* **WHAT YOU WILL DO**: Since pictures are not wanted, repeat only the text of the records, word for word.

* **RECORDS FOR THIS TASK**:
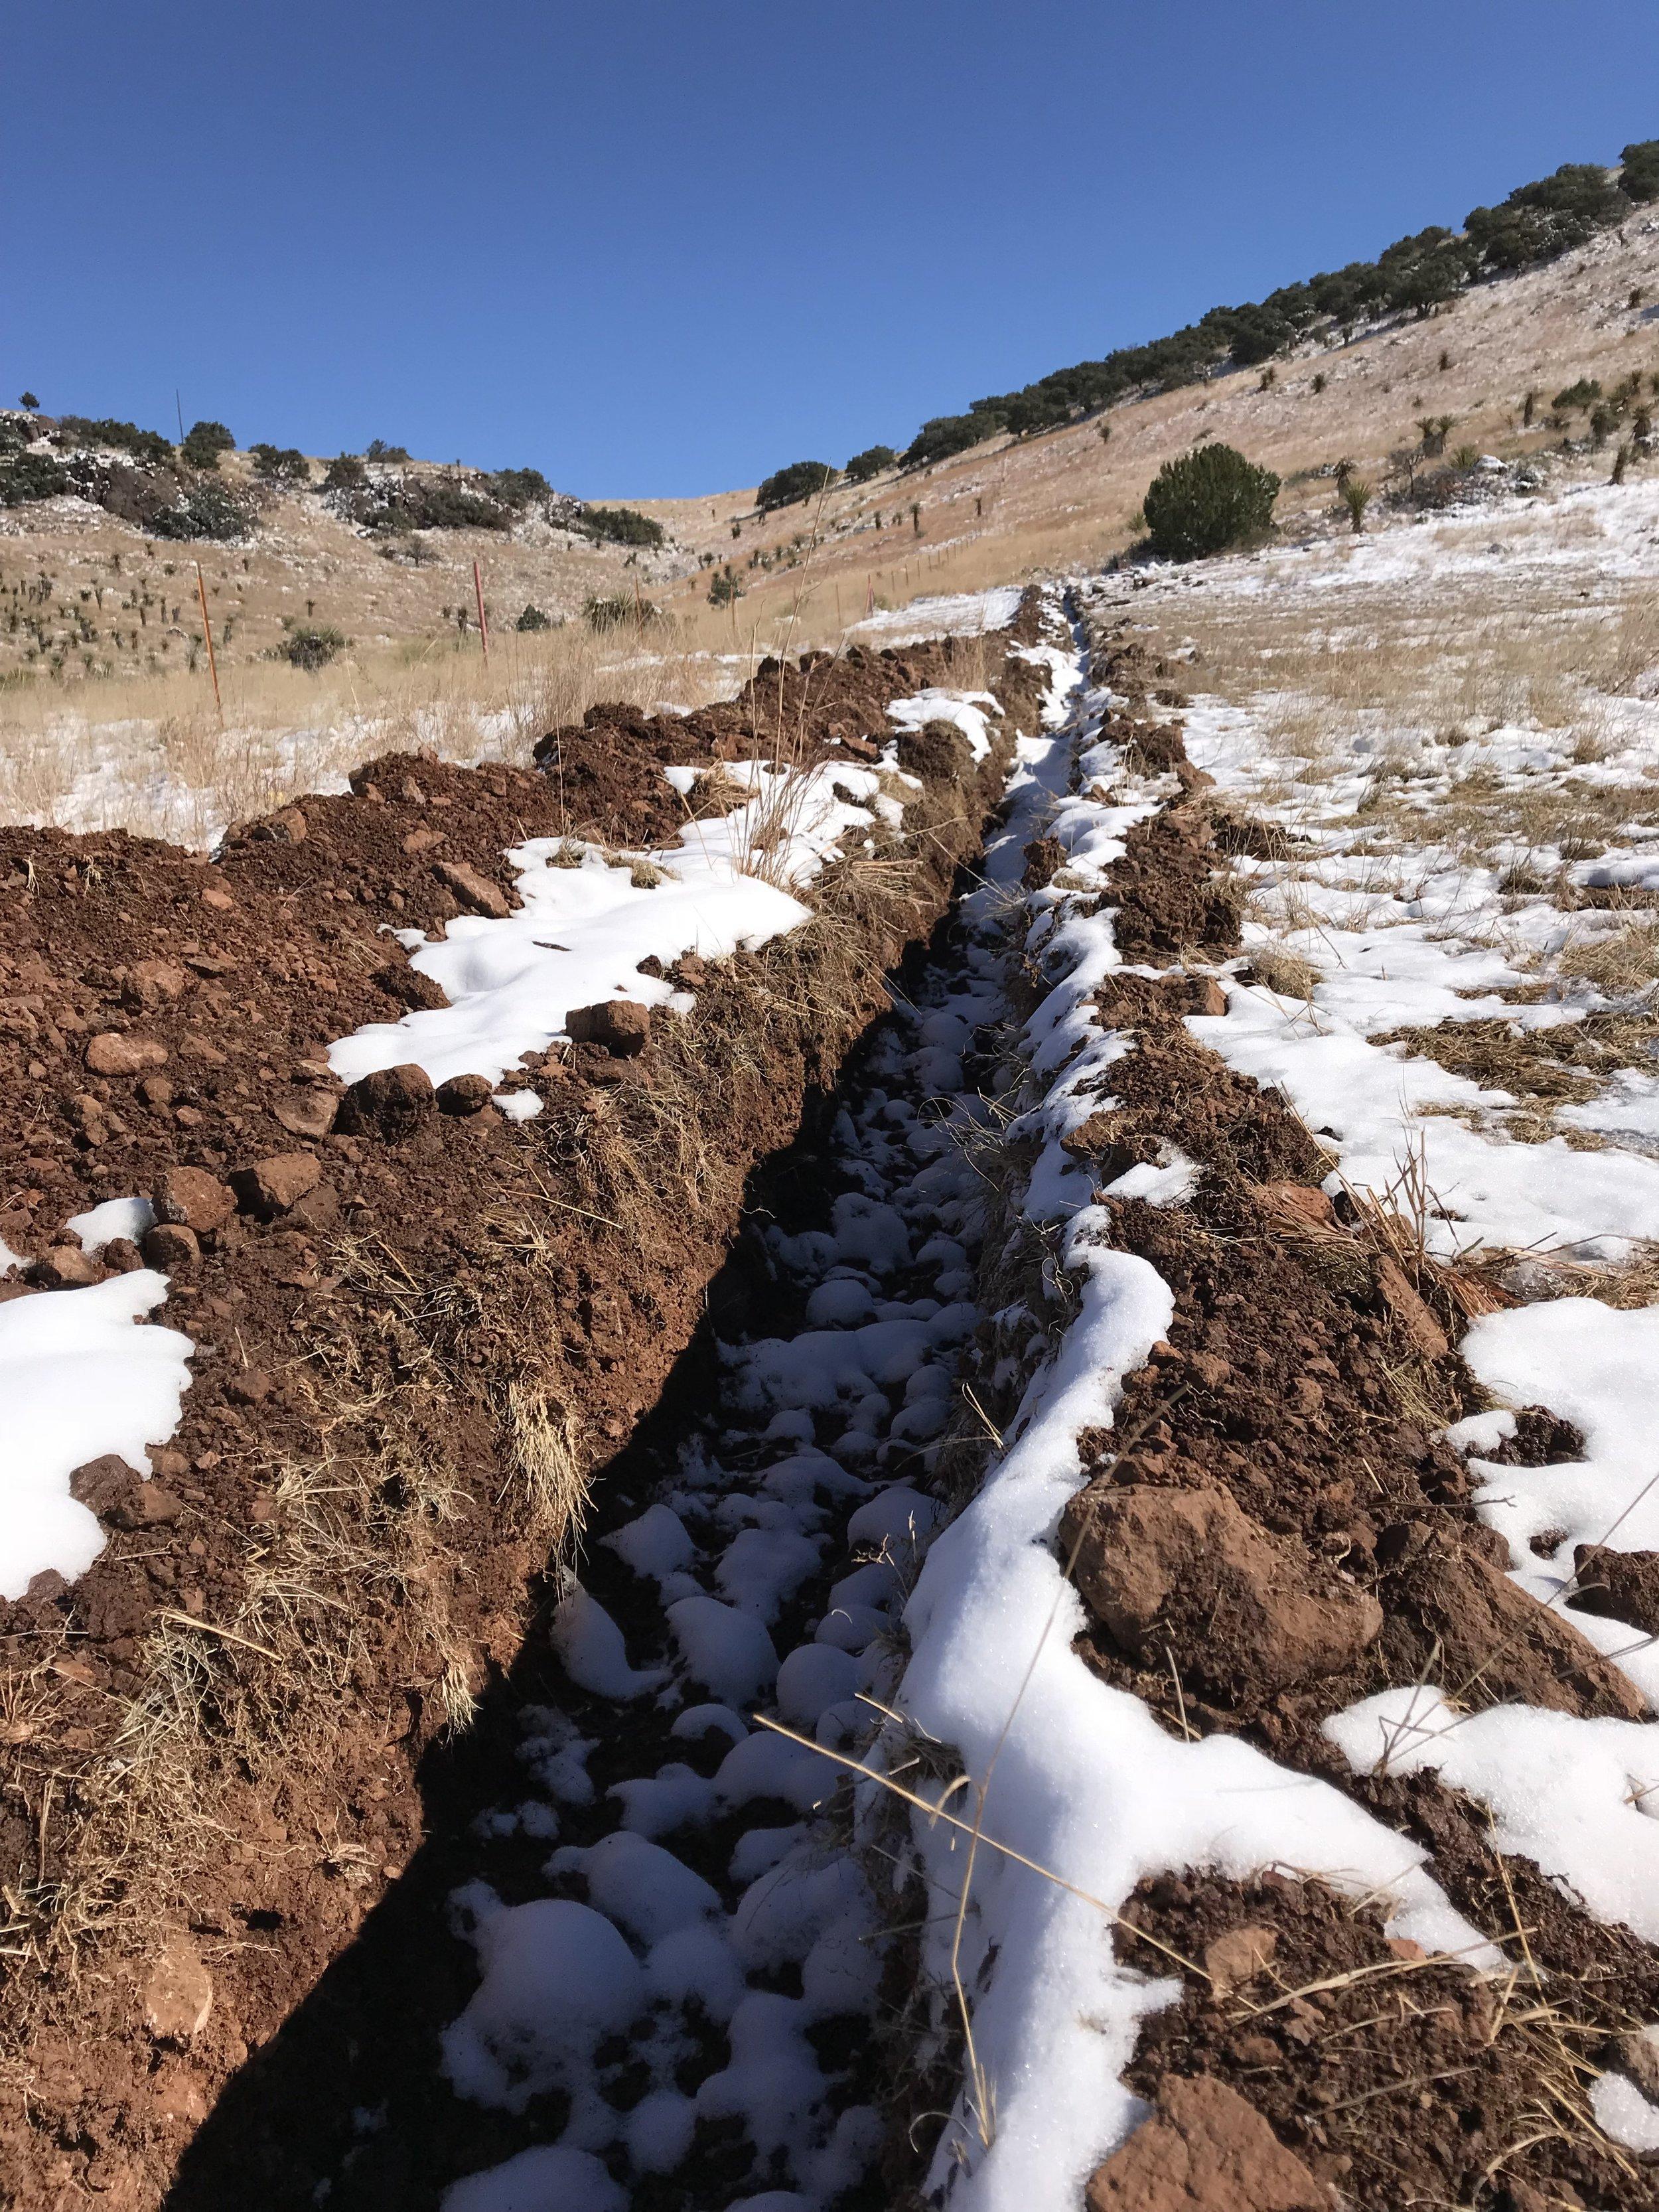 A snowy ditch.
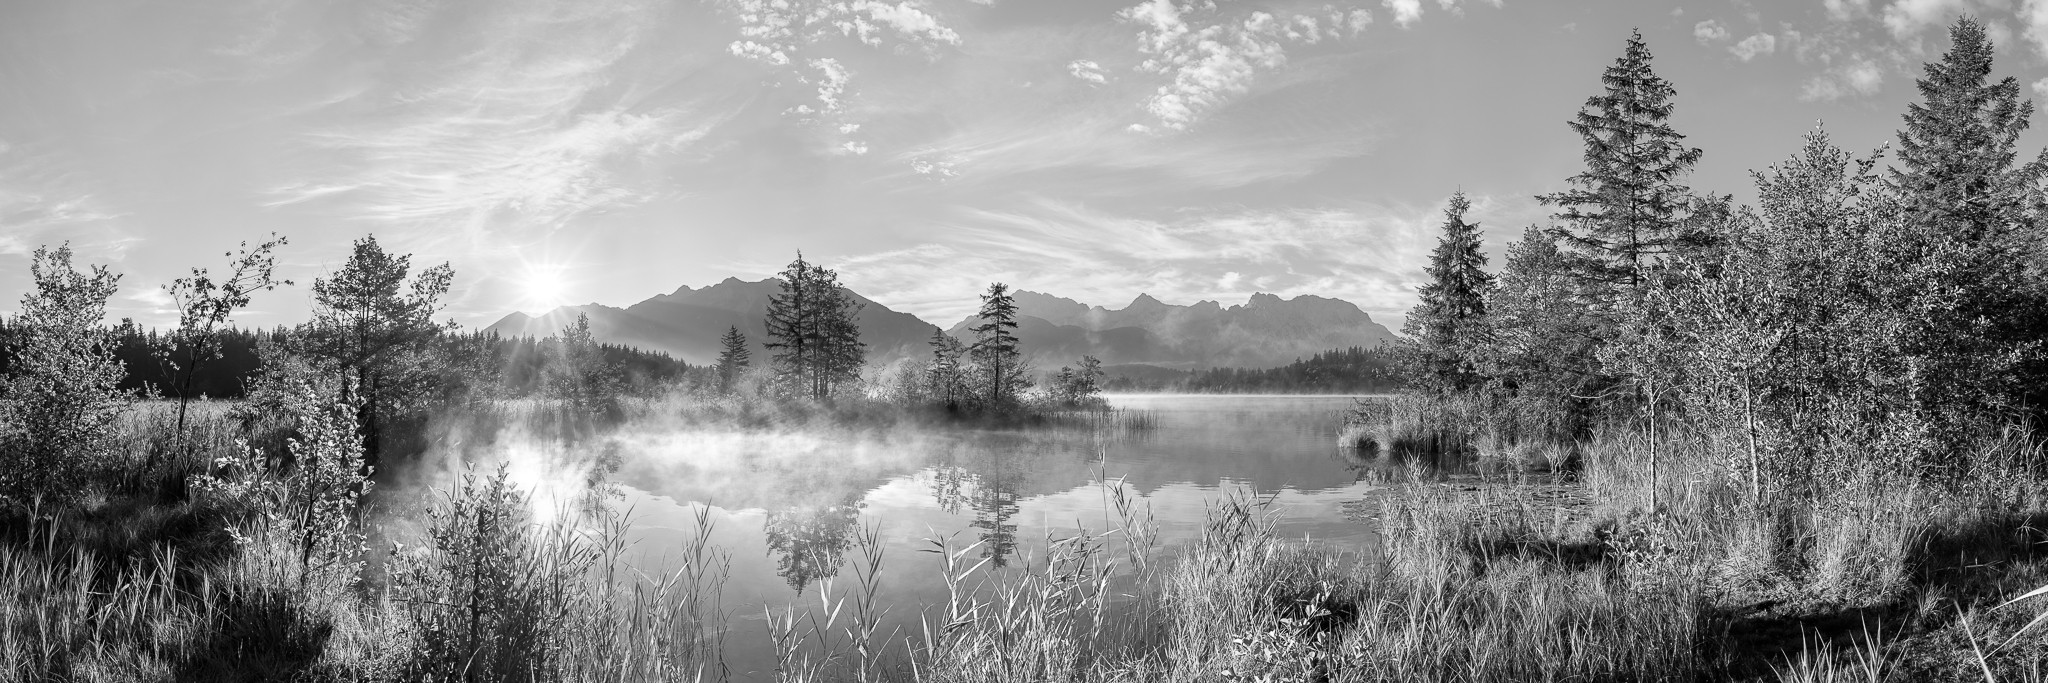 Barmsee - Morgenpanorama - schwarz weiß
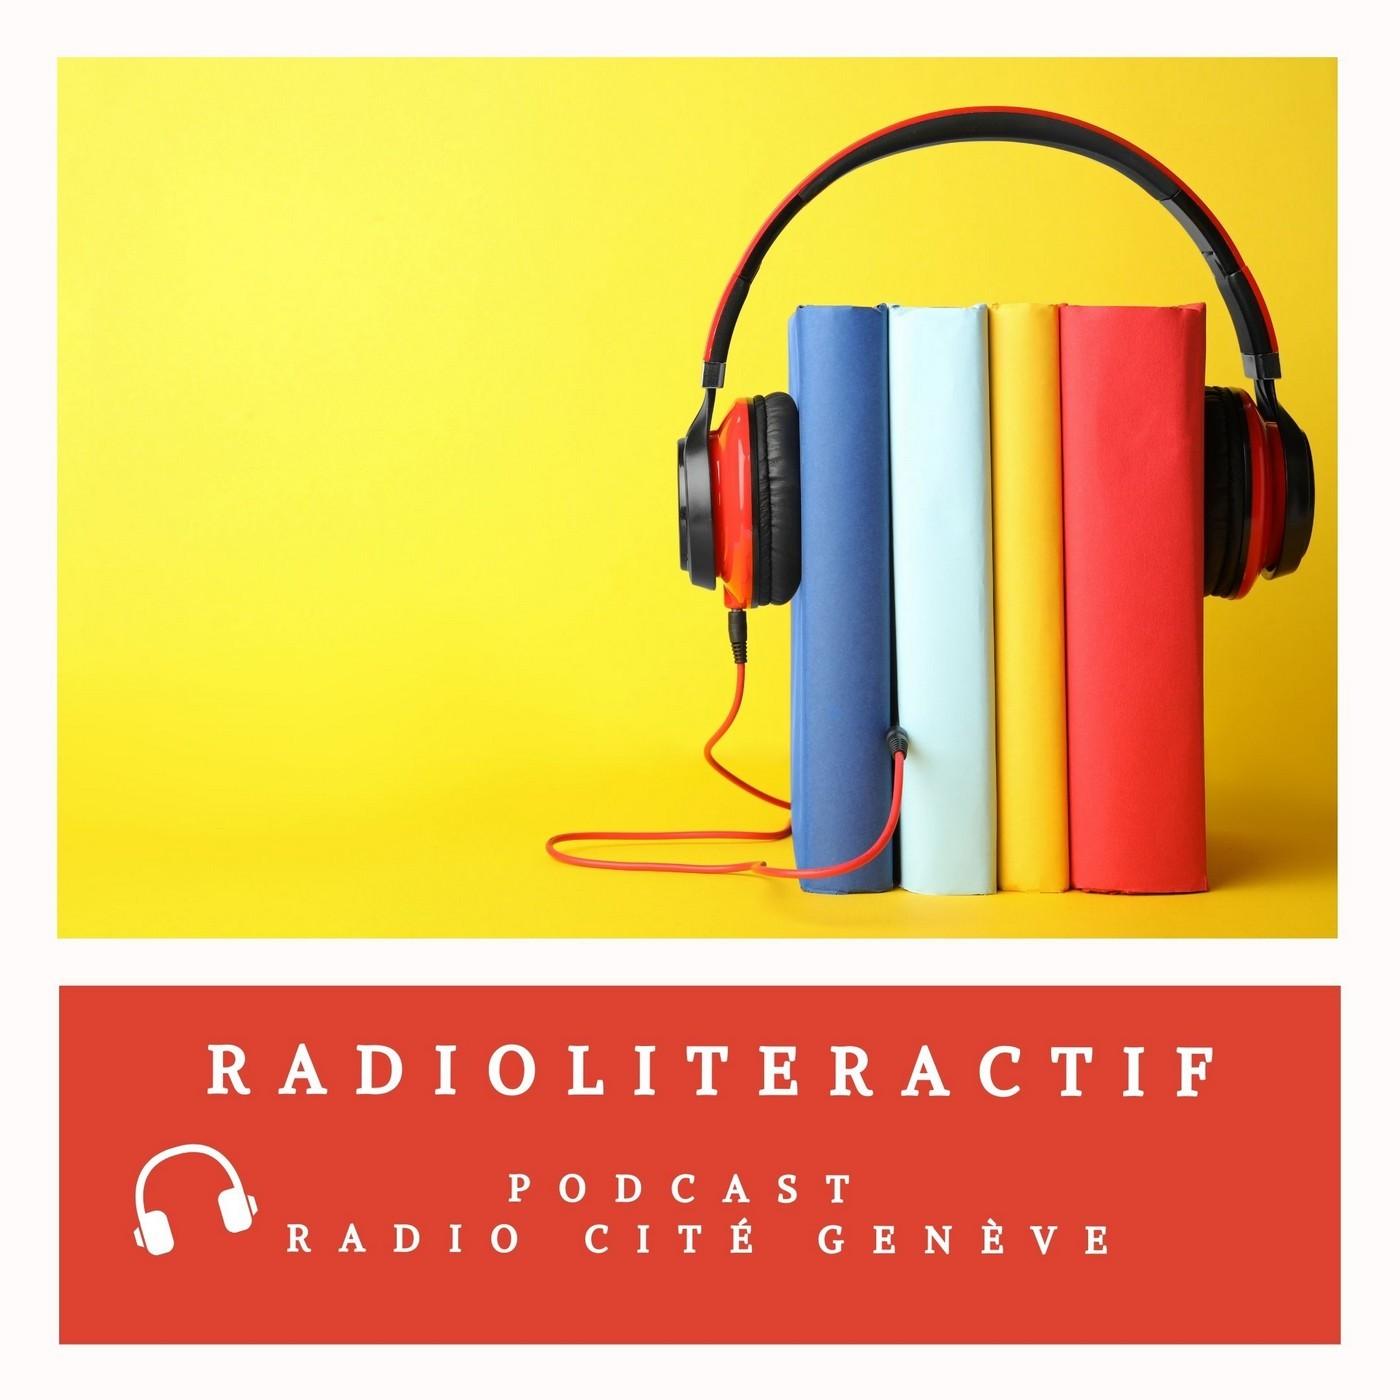 Radioliteractif du 08/03/2021 - Benjamin Décosterd
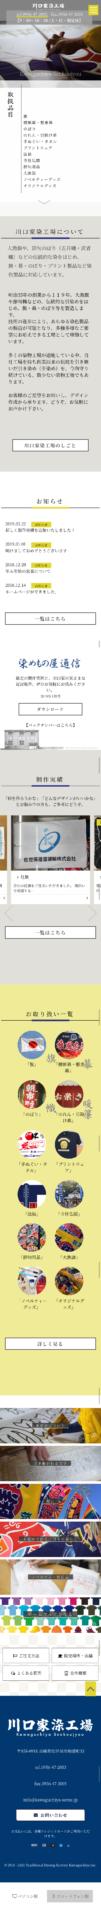 製造小売サイト制作 スマートフォンイメージ
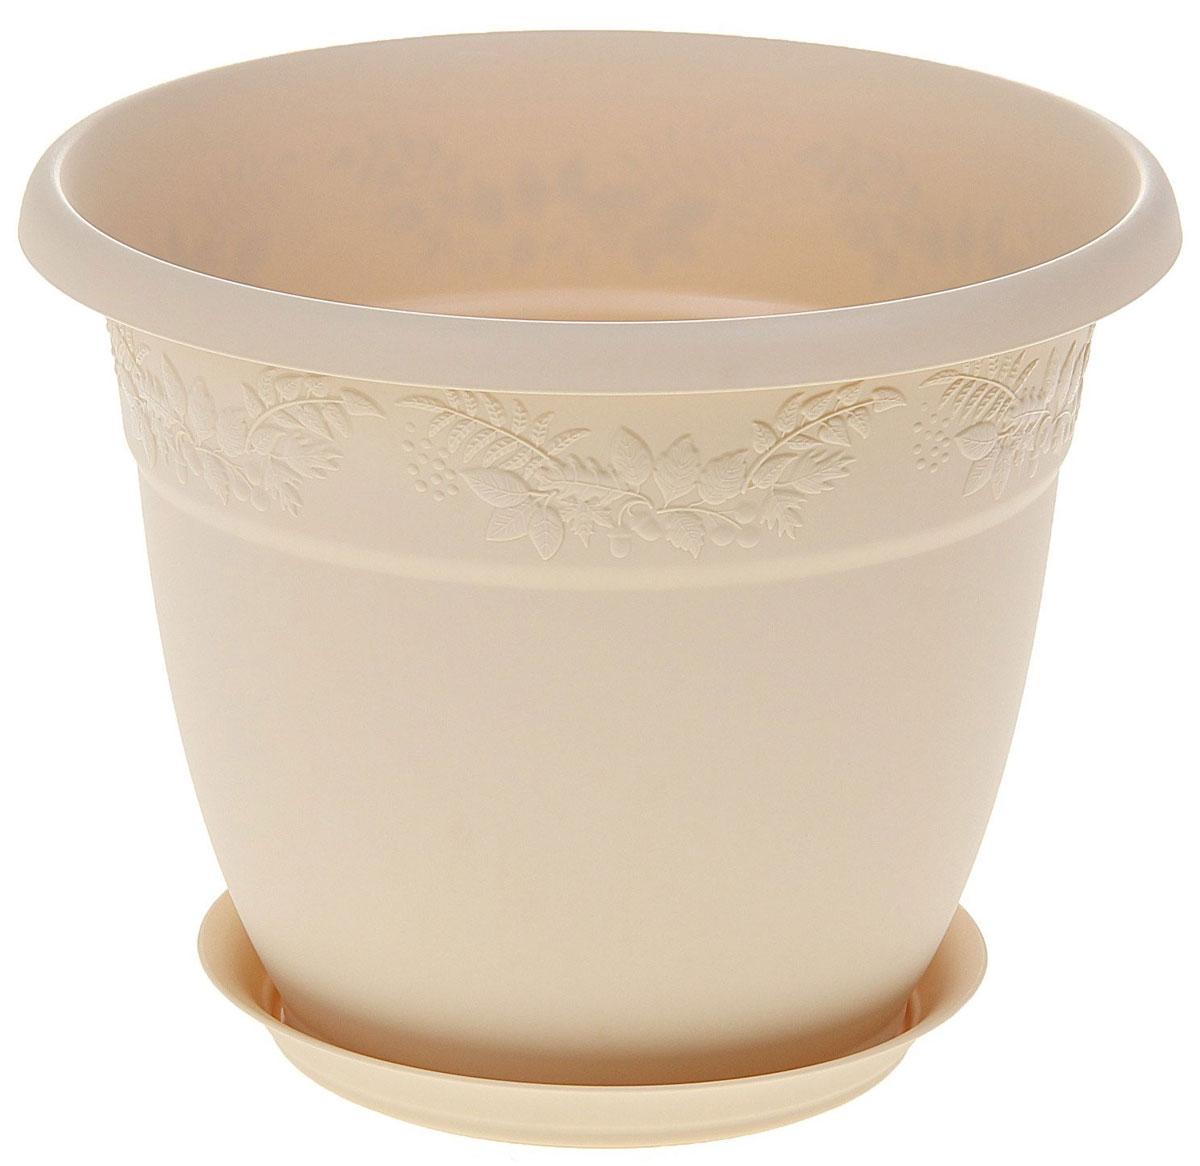 Кашпо Idea Рябина, с поддоном, цвет: белая глина, 7,5 лМ 3057Любой, даже самый современный и продуманный интерьер будет не завершенным без растений. Они не только очищают воздух и насыщают его кислородом, но и заметно украшают окружающее пространство. Такому полезному члену семьи просто необходимо красивое и функциональное кашпо, оригинальный горшок или необычная ваза! Мы предлагаем - Кашпо 7,5 л Рябина d=28 см, с поддоном, цвет белая глина! Оптимальный выбор материала - это пластмасса! Почему мы так считаем? Малый вес. С легкостью переносите горшки и кашпо с места на место, ставьте их на столики или полки, подвешивайте под потолок, не беспокоясь о нагрузке. Простота ухода. Пластиковые изделия не нуждаются в специальных условиях хранения. Их легко чистить достаточно просто сполоснуть теплой водой. Никаких царапин. Пластиковые кашпо не царапают и не загрязняют поверхности, на которых стоят. Пластик дольше хранит влагу, а значит растение реже нуждается в поливе. Пластмасса не пропускает воздух корневой системе растения не грозят резкие перепады температур. Огромный выбор форм, декора и расцветок вы без труда подберете что-то, что идеально впишется в уже существующий интерьер. Соблюдая нехитрые правила ухода, вы можете заметно продлить срок службы горшков, вазонов и кашпо из пластика: всегда учитывайте размер кроны и корневой системы растения (при разрастании большое растение способно повредить маленький горшок) берегите изделие от воздействия прямых солнечных лучей, чтобы кашпо и горшки не выцветали держите кашпо и горшки из пластика подальше от нагревающихся поверхностей. Создавайте прекрасные цветочные композиции, выращивайте рассаду или необычные растения, а низкие цены позволят вам не ограничивать себя в выборе.

* **WORKED SOLUTION**:
 A snowy ditch.
 Barmsee - Morgenpanorama - schwarz weiß
 Radioliteractif du 08/03/2021 - Benjamin Décosterd
 製造小売サイト制作 スマートフォンイメージ
 Кашпо Idea Рябина, с поддоном, цвет: белая глина, 7,5 лМ 3057Любой, даже самый современный и продуманный интерьер будет не завершенным без растений. Они не только очищают воздух и насыщают его кислородом, но и заметно украшают окружающее пространство. Такому полезному члену семьи просто необходимо красивое и функциональное кашпо, оригинальный горшок или необычная ваза! Мы предлагаем - Кашпо 7,5 л Рябина d=28 см, с поддоном, цвет белая глина! Оптимальный выбор материала - это пластмасса! Почему мы так считаем? Малый вес. С легкостью переносите горшки и кашпо с места на место, ставьте их на столики или полки, подвешивайте под потолок, не беспокоясь о нагрузке. Простота ухода. Пластиковые изделия не нуждаются в специальных условиях хранения. Их легко чистить достаточно просто сполоснуть теплой водой. Никаких царапин. Пластиковые кашпо не царапают и не загрязняют поверхности, на которых стоят. Пластик дольше хранит влагу, а значит растение реже нуждается в поливе. Пластмасса не пропускает воздух корневой системе растения не грозят резкие перепады температур. Огромный выбор форм, декора и расцветок вы без труда подберете что-то, что идеально впишется в уже существующий интерьер. Соблюдая нехитрые правила ухода, вы можете заметно продлить срок службы горшков, вазонов и кашпо из пластика: всегда учитывайте размер кроны и корневой системы растения (при разрастании большое растение способно повредить маленький горшок) берегите изделие от воздействия прямых солнечных лучей, чтобы кашпо и горшки не выцветали держите кашпо и горшки из пластика подальше от нагревающихся поверхностей. Создавайте прекрасные цветочные композиции, выращивайте рассаду или необычные растения, а низкие цены позволят вам не ограничивать себя в выборе.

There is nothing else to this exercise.